To capture the current of the moment, my own curiosity prompts a question: “Mom, as a young girl in India, what did you play and who did you hang out with?” She speaks of the almond trees her legs climbed as a little girl near her street and her best friend R., who accompanied her wherever she went, playing hopscotch out of the courtyards outside their homes. They still talk once every two weeks, although over twelve time zones separate them.
Every time I ask my mom a question about her past, I’m surprised. I learn a little more each time. Just last week I learned that my maternal grandmother gave birth to four children who each lived until age two or three and then subsequently died. It’s hard to imagine that grief, the repeated succession of losing one child after another. She channeled her grief into poetry, often scribing lines of lyrical verses on anything that could be considered a writing surface. She, as my mother says, was very beautiful, the flesh of her face beaming as though she carried the pregnancy glow even when she wasn’t harboring a child.
My grandmother died when I was seventeen years old. I spent a handful of summers with her when we visited India. I remember following her around everywhere, her presence giving me immediate comfort. Her ritual always included slicing up Indian fruit called sitapul (sugar-apple) or bananas as I woke in the morning. But our relationship wasn’t dependent on conversations, but of caretaking. She would care for me, my pillow was her lap as she stroked my hair. When she would sleep and when I couldn’t, I remember playing with her skin on her forearm, pushing it back and forth like it was a swing. I didn’t know of the questions to ask then, because I didn’t realize how dependent I was on the answers and of the history she carried with her.

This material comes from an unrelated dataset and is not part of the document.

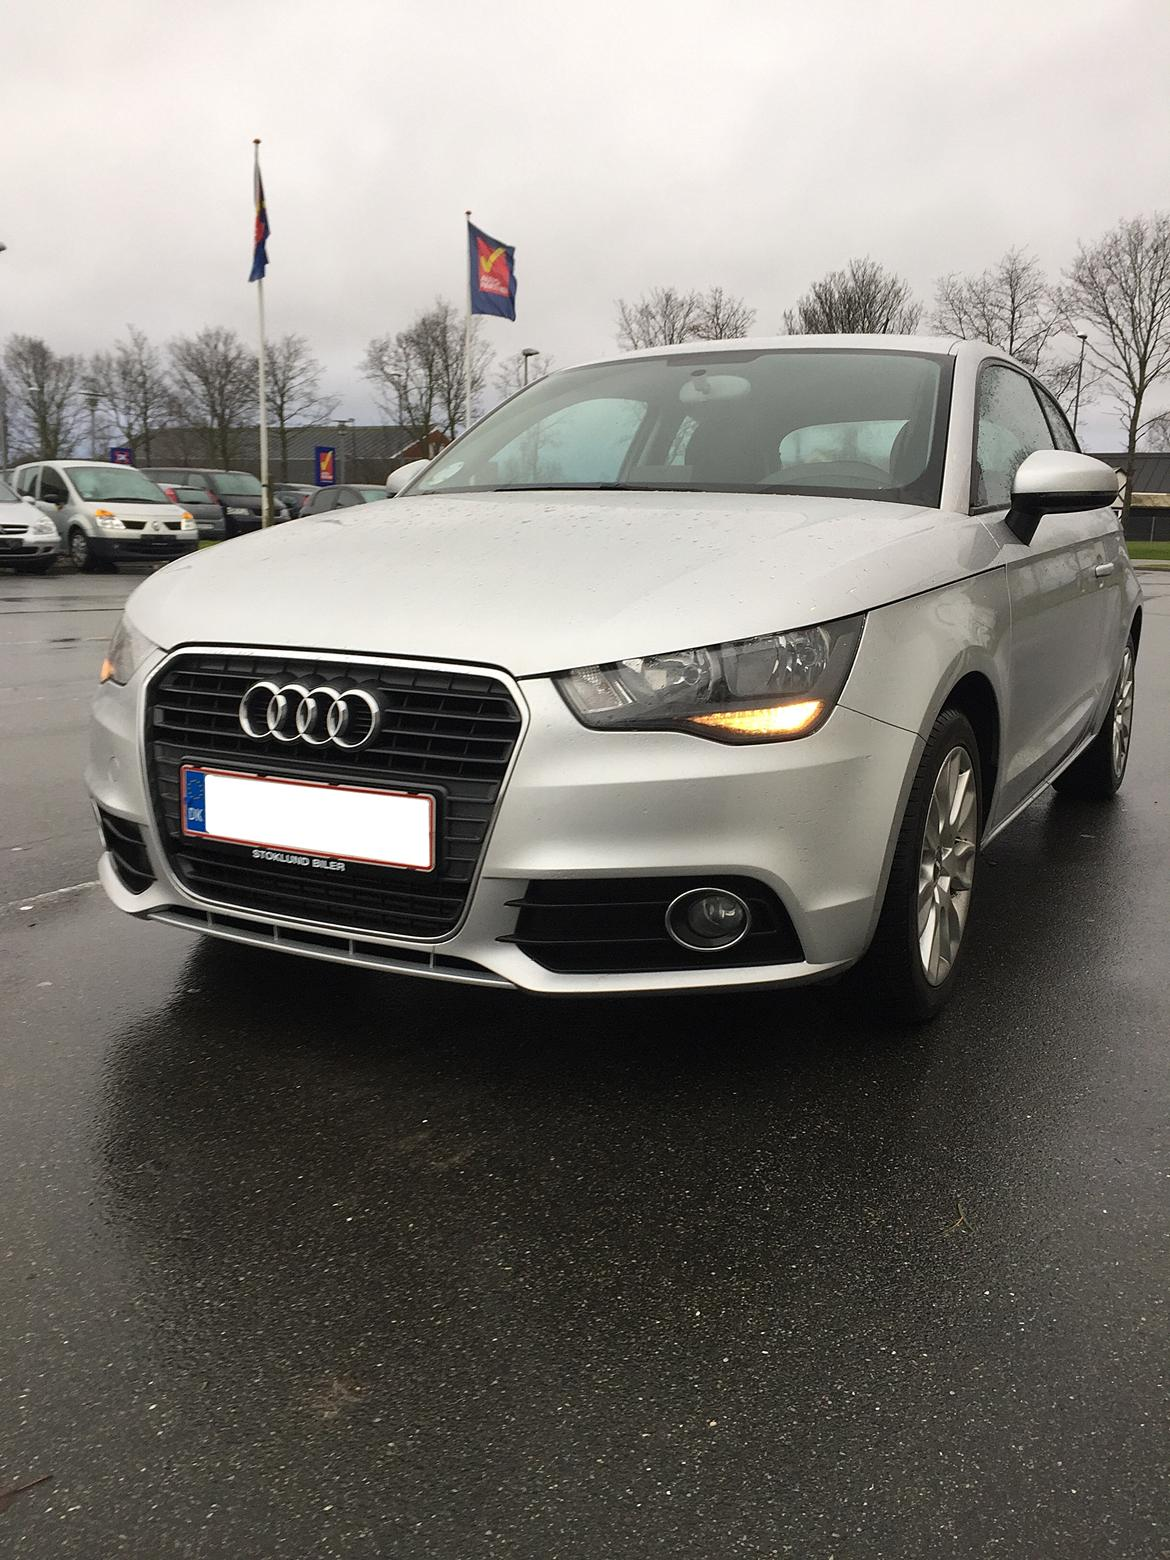 Audi A1 Ambition billede 2

Part of that realization makes me sad, having lost all four of my grandparents, not knowing the riches of their soul. Sometimes I don’t know why I gravitate toward piano music instead of the drums or why Emily Dickinson appeals to me rather than Salman Rushdie, or why I have a disdain for rice, but harbor a secret love affair with the Indian street food pani-puri. I suspect it has something to do with where I came from, the things that I know and don’t, but are shaped even when I am not paying attention.
I’m dependent on my history, the part that is completely lost and the one that lives in my mother. I think we are all dependent on the veins of yesterday.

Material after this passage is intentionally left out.